There are fears of multiple casualties this Bonfire Night as more people light fires and fireworks at home, because public displays have been cancelled over costs.

Multiple public displays have been cancelled this year, including in Nottingham, with the city council citing increased costs caused by the cost-of-living crisis.

Nottingham City Council said it's "reluctantly" taken the decision to cancel the event, as it's facing "huge budget difficulties" which have been "exacerbated by rising inflation and energy costs."

Now the Royal Society for the Prevention of Accidents, based in Birmingham, says it fears accidents at home may rise this year because 15 councils have cancelled public displays.

Ashley Martin, Public Health Advisor for RoSPA, said: "In previous years, figures relating to firework injuries tend to indicate that fewer people are harmed at small gatherings than large public displays.

"And so, with the recent announcements that many events are being cancelled, we are anxious that there could be a rise in hospital admissions."

In 2021 there were 117 individual cases of firework related injuries.

The society is warning people hosting amateur displays to follow safety guidelines:

"We understand that the Cost of Living Crisis is weighing on a lot of people's minds, and the cancellation of organised fireworks displays due to cutbacks, but we encourage those considering throwing an event to educate themselves by following our Firework Code.

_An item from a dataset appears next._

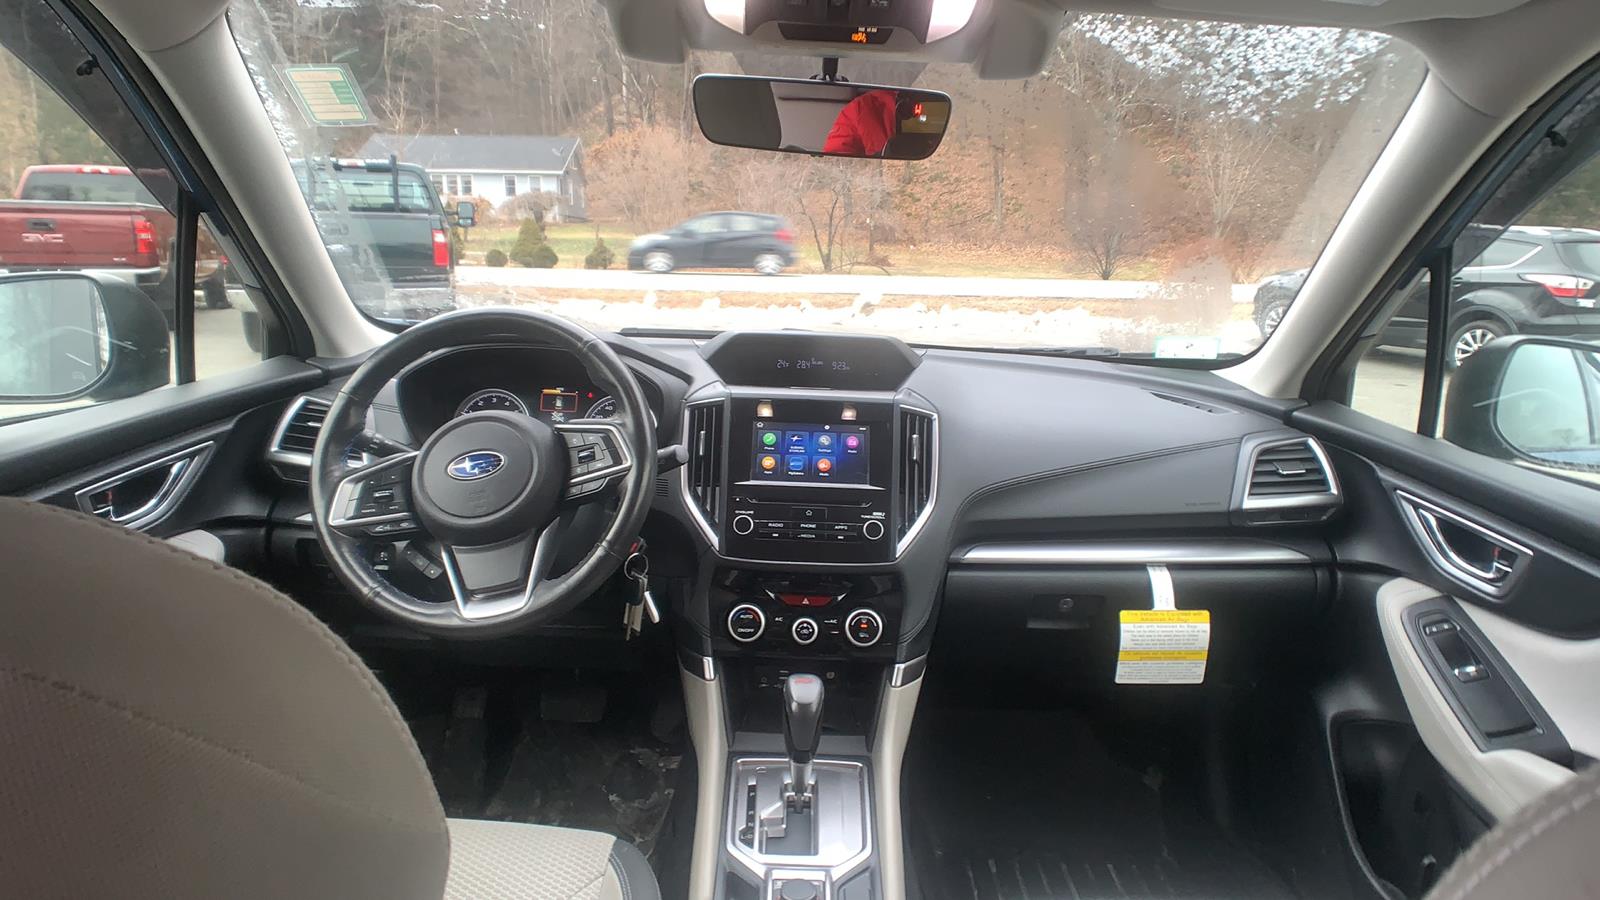 2019 Subaru Forester Sport Utility

"For instance, with the emergence of illegal sales, one of our codes states that one should only purchase fireworks that carry UKCA marks. 

"Overall, we wish those taking part in any celebrations to enjoy themselves to the fullest, but apply our safety rules when embarking on any firework-related activities." 

The Firework Code is: 

  • Plan your firework display to make it safe and enjoyable, and check the time you can legally set off fireworks

  • In England, Scotland and Wales only buy fireworks which carry the UKCA marks. In the case of Northern Ireland look for the UKNI symbol. You may also see the UKNI mark along with the UKCA symbol. Keep your fireworks in a closed box, and use them one at a time 

  • Read and follow the instructions on each firework using a torch if necessary 

  • Light the firework at arm's length with a taper and stand well back 

  • Keep naked flames, including cigarettes, away from fireworks 

  • Never return to a firework once it has been lit 

  • Don't put fireworks in pockets and never throw them 

  • Direct any rocket fireworks well away from spectators 

  • Never use paraffin or petrol on a bonfire 

  • Make sure that the fire is out and surroundings are made safe before leaving.